Он хотел подняться наверх и лечь в бывшей маминой спальне, но не знал, хватит ли сил туда добраться. В конце концов, заполз обратно под одеяло к мисс Миранде: они лежали бок о бок и что-то бормотали под нос, будто находились в разных комнатах.
— Спокойной ночи, — сказал он.
Она приподняла голову с подушки.
— Спокойной ночи, любимая, — повторил гораздо тише.
Она взглянула на стену, к которой он обратился с последней фразой. Там висел портрет его матери — именно такой ее и помнила мисс Миранда.
— Боже, — прошептала она. — Боже правый.
БРЭВИС
Мойра забрала Брэвиса из ветеранского госпиталя, хотя все говорили ей, что это без толку, а, коли ему сделается хуже, она и будет повинна в его смерти. Поправиться ему все равно не суждено, твердили люди, так что зря она хлопочет. Но Мойра была его бабушкой, не забудьте, так что она взяла Брэвиса в Флемптон, где у нее был хороший участок у самой рощи. Речка под боком и лес вокруг, а город всего в какой-то миле на запад, если по проселочной дороге, а по ней пройтись — одно удовольствие.
Брэвиса на войне совсем изрешетило, так сказали люди в госпитале: то ли пулями, то ли осколками, то ли всем сразу.
Говорил Брэвис редко. Спросишь о чем, а он моргает и на ногти глядит.
Мойра и не догадывалась, как он плох, пока внук не пробыл у нее с неделю, а там и сокрушаться было поздно. Наверняка пришлось ей погоревать, что взяла его из госпиталя, но если и жалела она иной раз, никогда ни с кем чувствами своими не делилась.
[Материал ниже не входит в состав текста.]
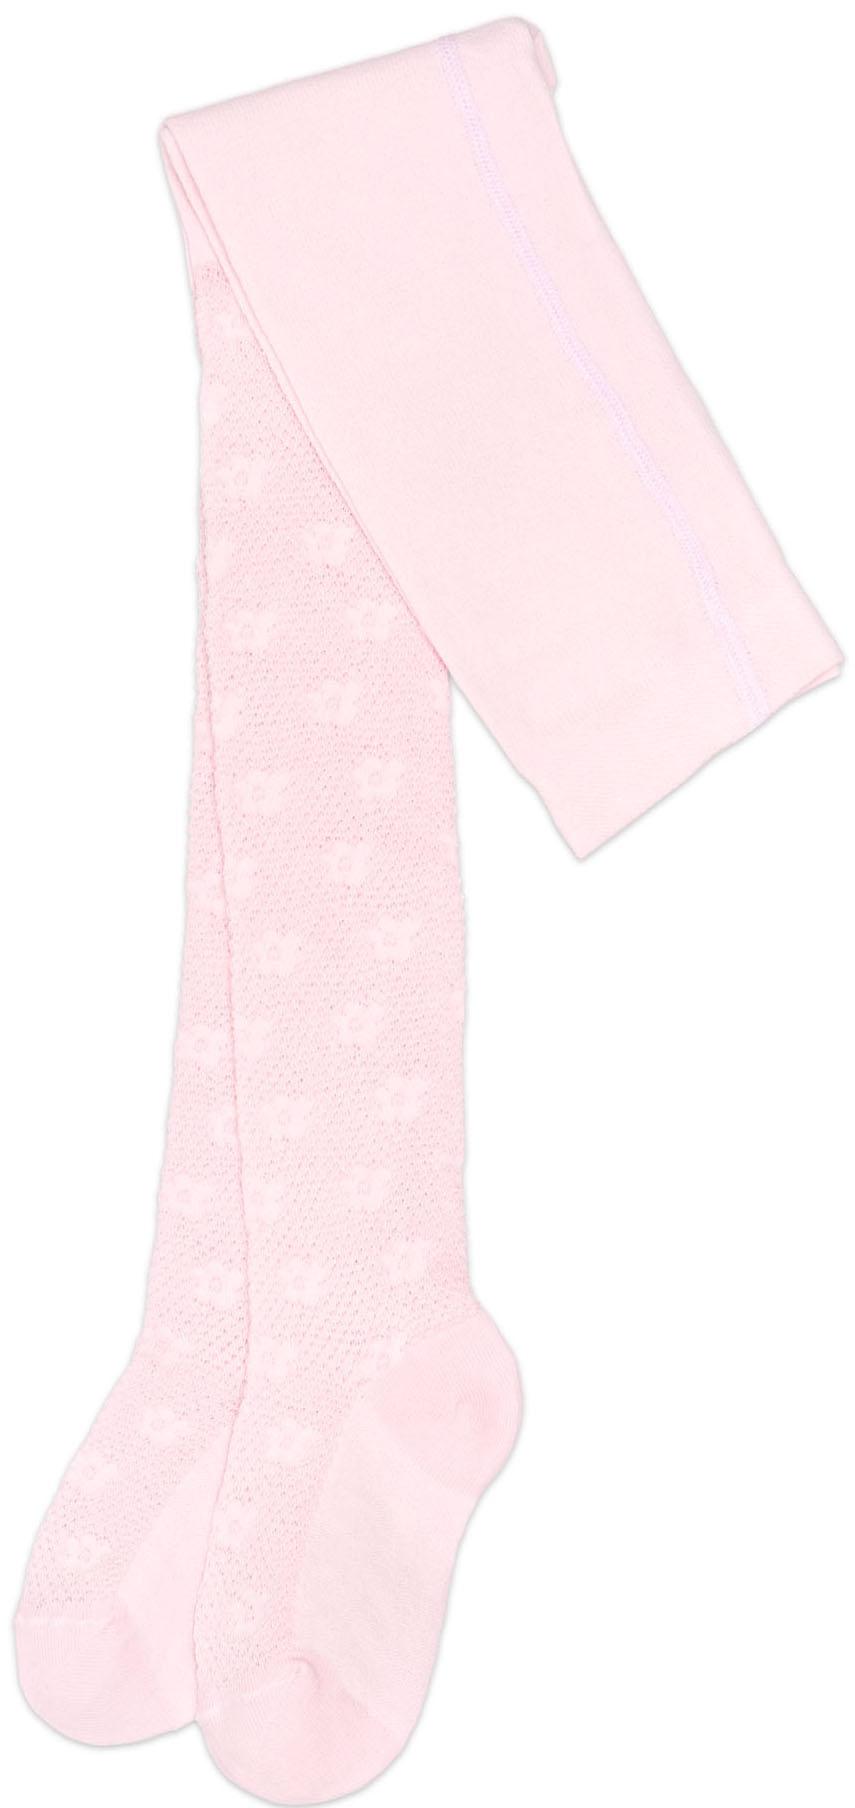 Колготки Barkito Колготки детские Barkito розовые колготки кидис колготки х б 8 марта розовые

Ее двоюродный брат Кит заходил иногда, качал головой, но ничего не говорил и, недолго просидев, удалялся. Родители Брэвиса уже покинули этот свет и так давно, что их успели позабыть. Задолго до войны они умерли. Мойра была бабушкой Брэвиса с материнской стороны. Когда Брэвис был маленький, Мойра его не очень хорошо знала. А теперь не понимала, как с ним обходиться: начать с того, что он не контролировал кишечник и, куда бы ни пошел, брал с собой рулон туалетной бумаги.
После того, как он немного пожил у нее, ему вроде бы стало хуже, но Мойра и слышать не хотела о том, чтобы опять вернуть его в больничную палату.
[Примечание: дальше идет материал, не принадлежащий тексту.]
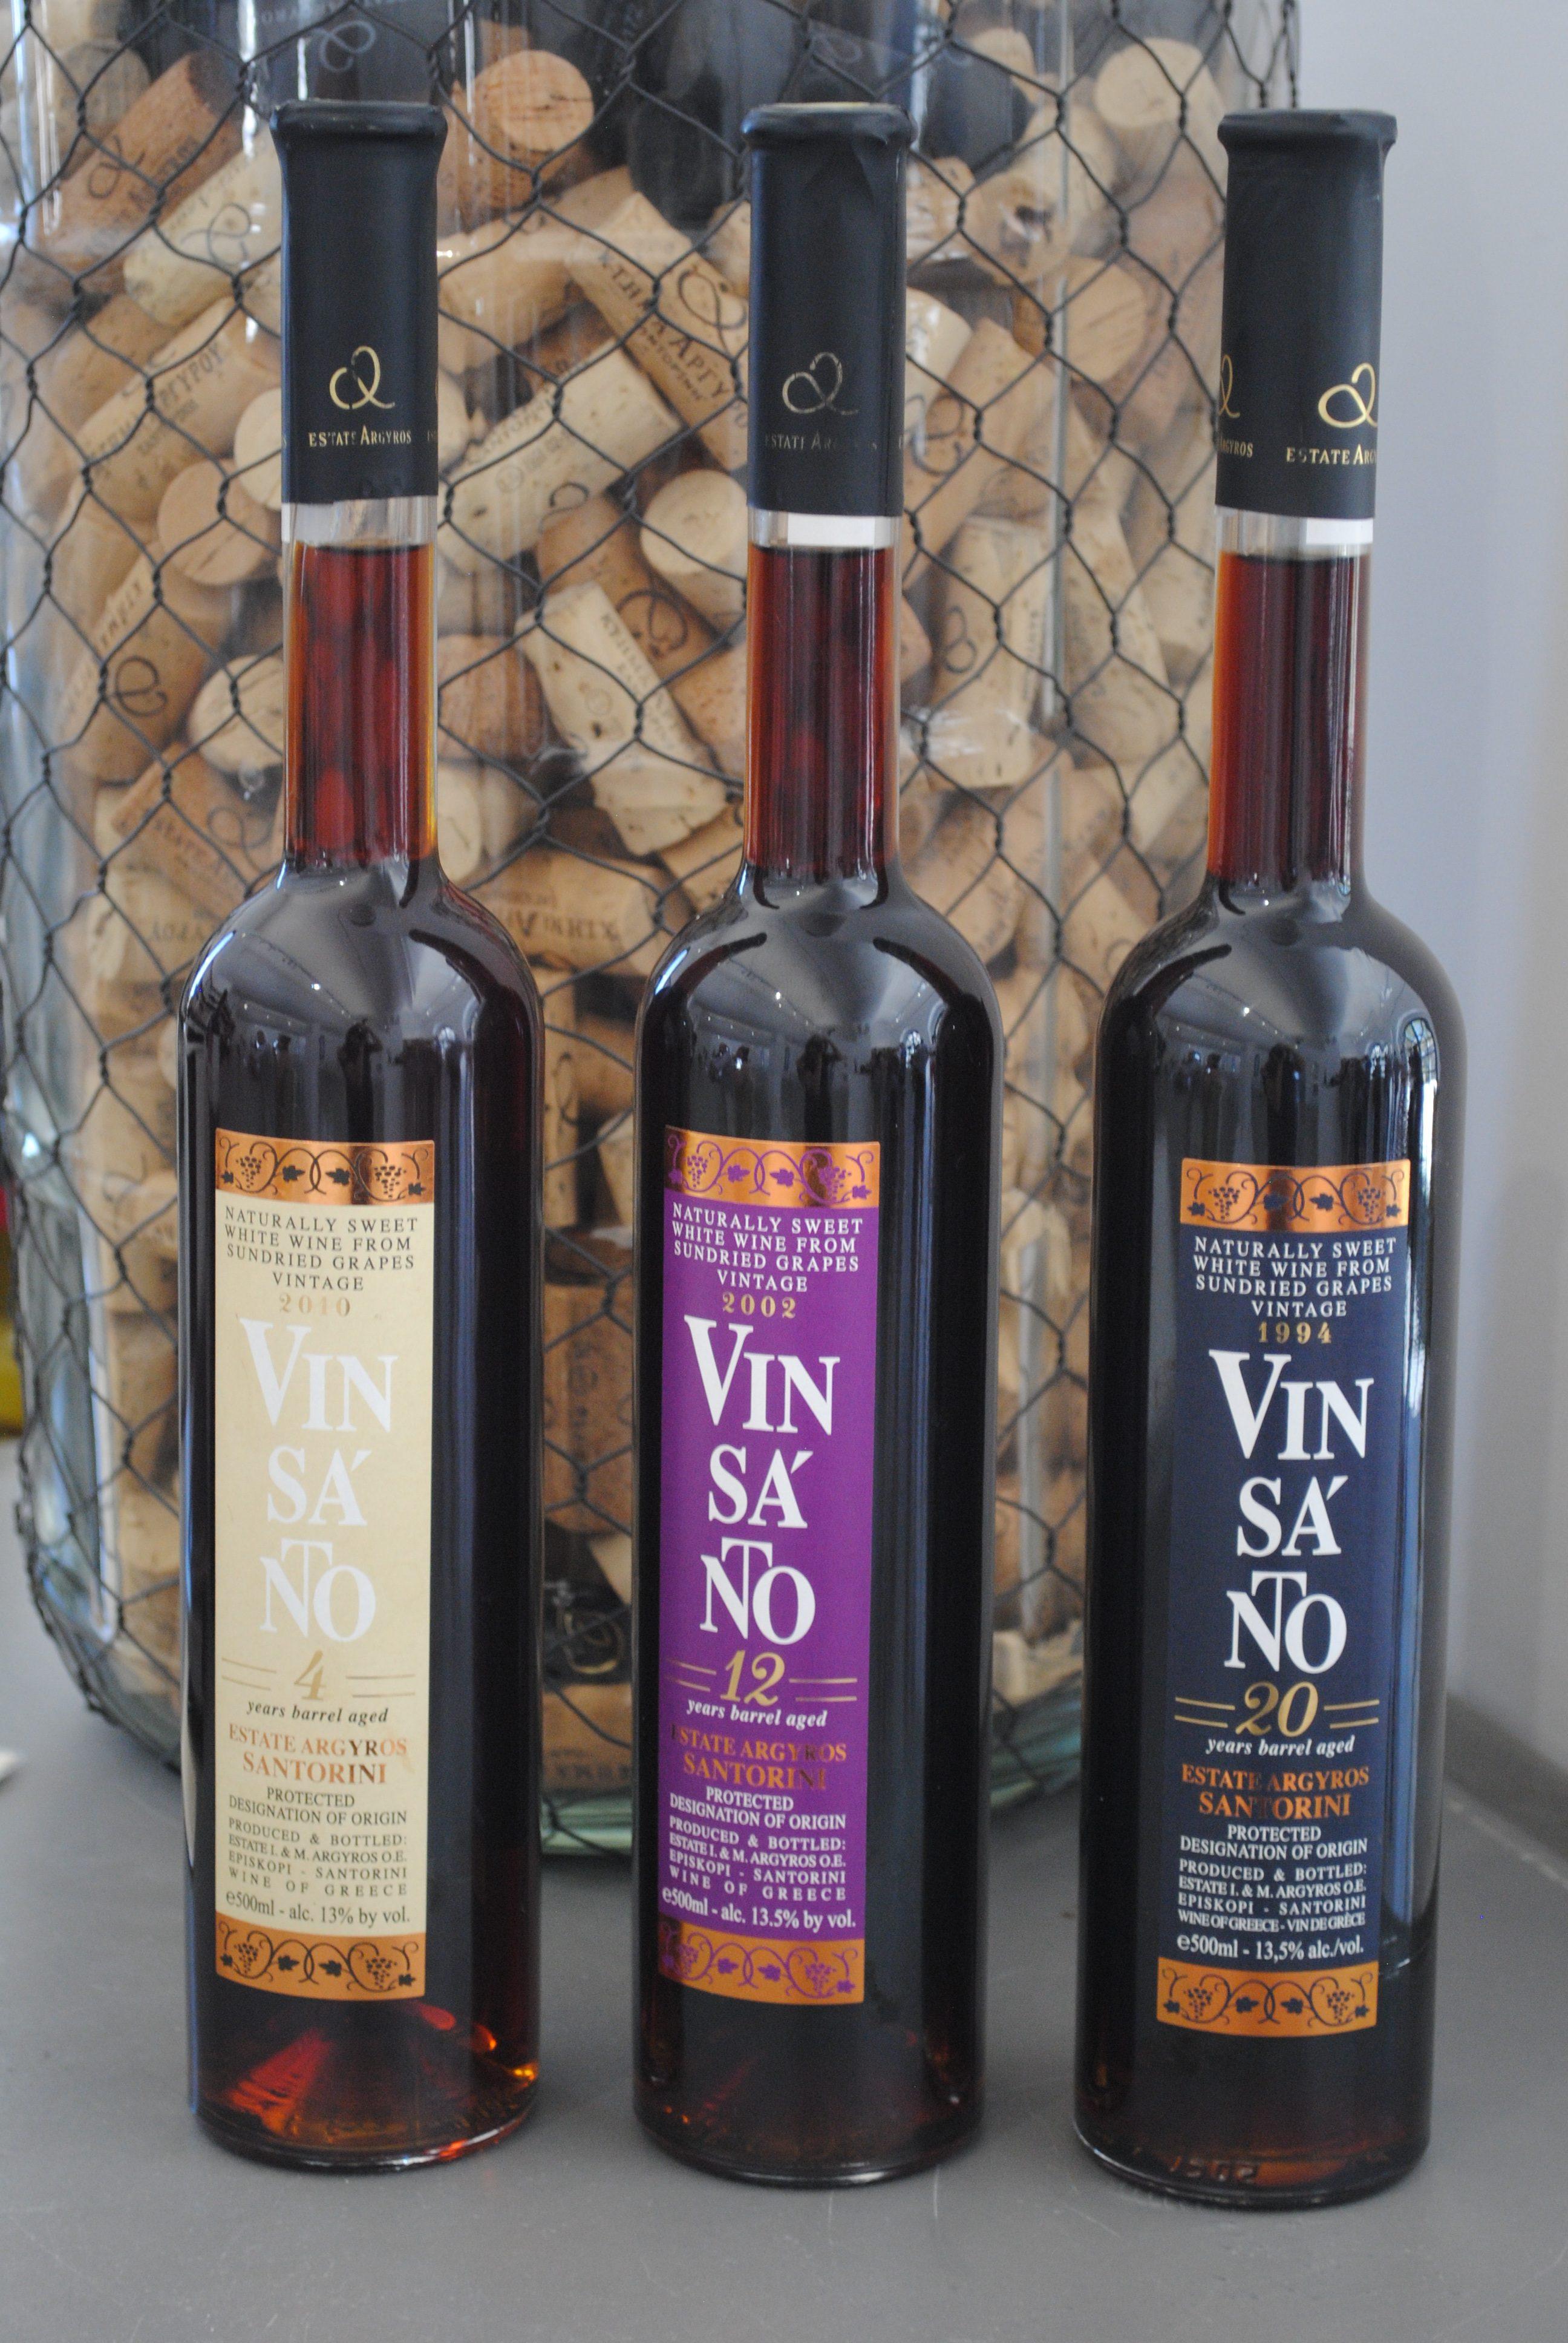 Vinsanto wine tasting in Santorini

Почти все время Брэвис тихонько сидел на старинном кресле-качалке и смотрел через дверной проем на рощицу за домом.
У него был на удивление хороший аппетит, так что Мойра много времени тратила на стряпню.
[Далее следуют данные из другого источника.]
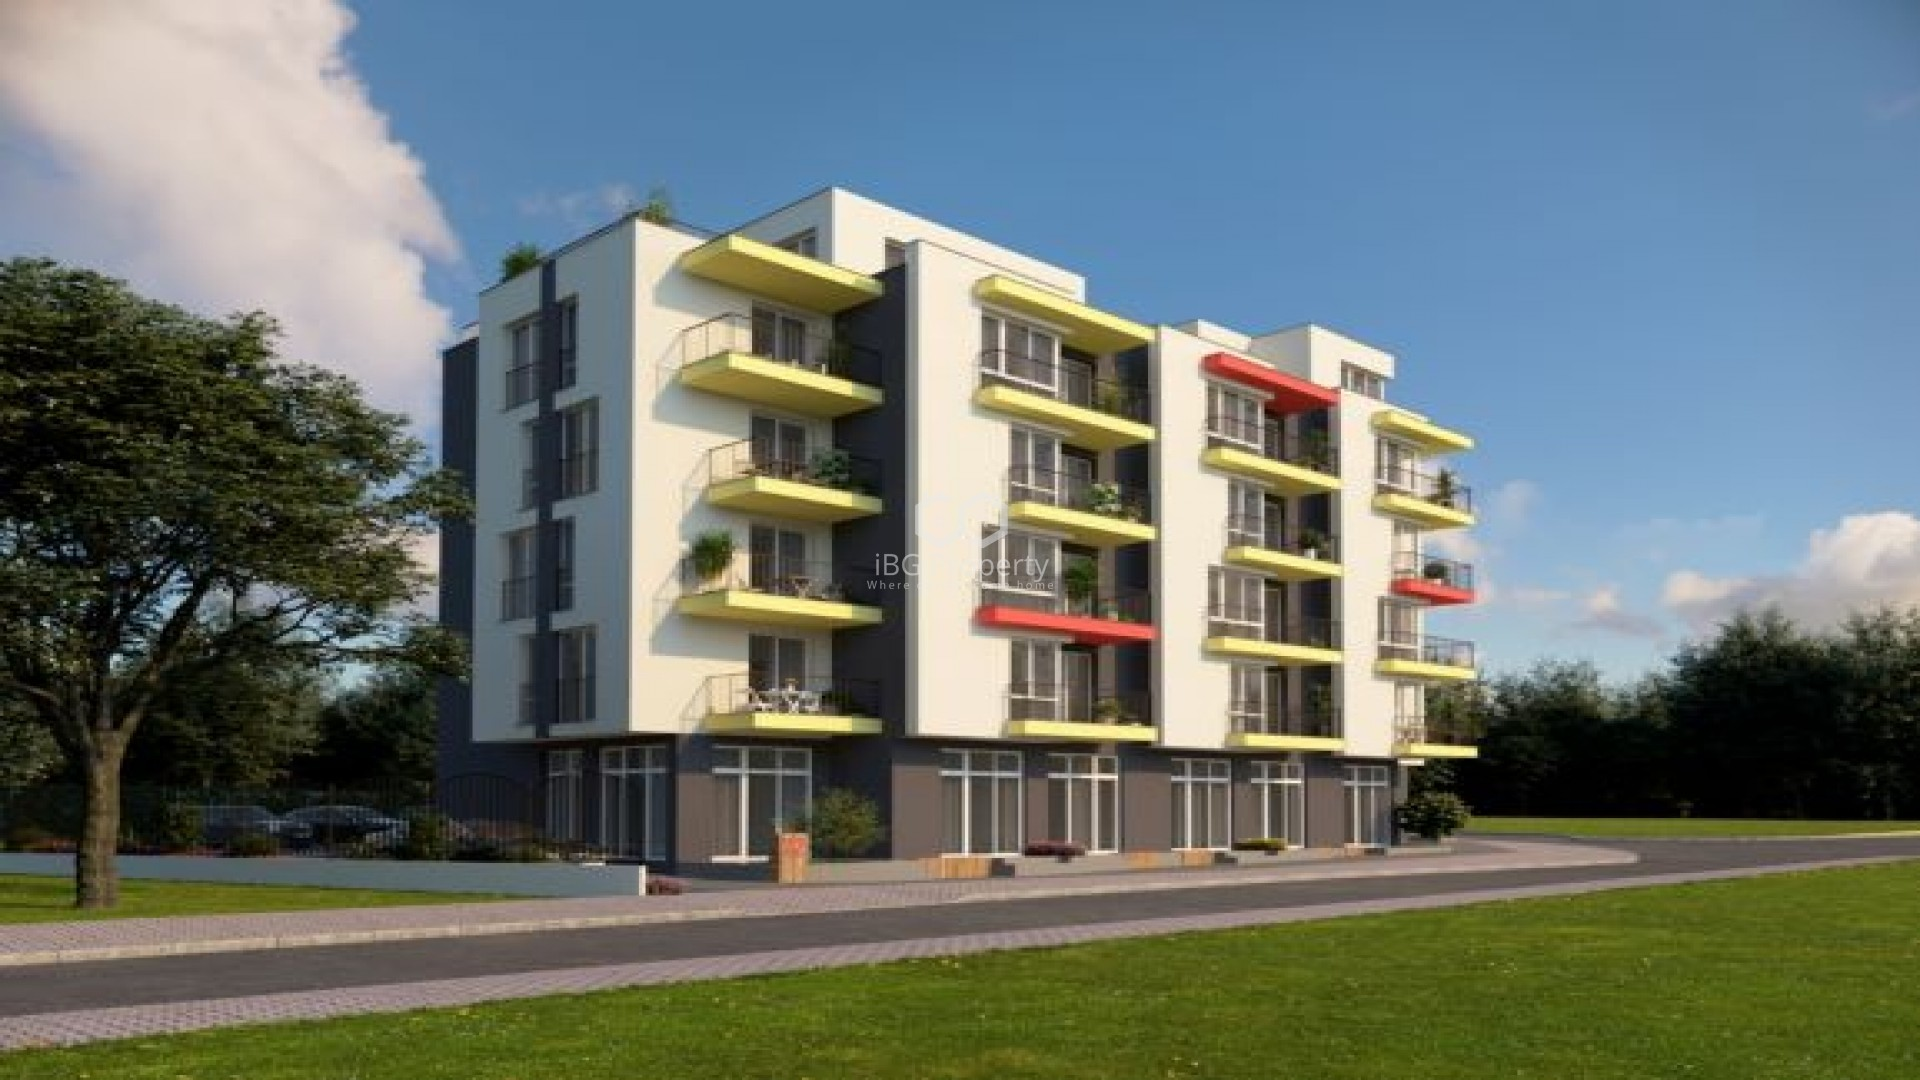 Едностаен апартамент Обзор 39,19 кв.м

«Если я и ошиблась, — так начала она письмо своей сестре Лили, жившей в десяти милях, — я на попятный не пойду, буду стоять на своем, а люди пусть болтают, что им вздумается». Отчего-то она чувствовала, что закончить письмо не сумеет.
Брэвису нравилось ходить на почту и отправлять ее письма, так что лучше уж написать что-то другим родственникам, а он отнесет казенную открытку на главпочтамт, прихватив рулон туалетной бумаги. Именно эта его привычка, а не то, что случилось потом, и заставила людей судачить. У Мойры не хватало духу сказать Брэвису, чтобы не носил с собой рулон, да и знала она, что без бумаги ему не обойтись.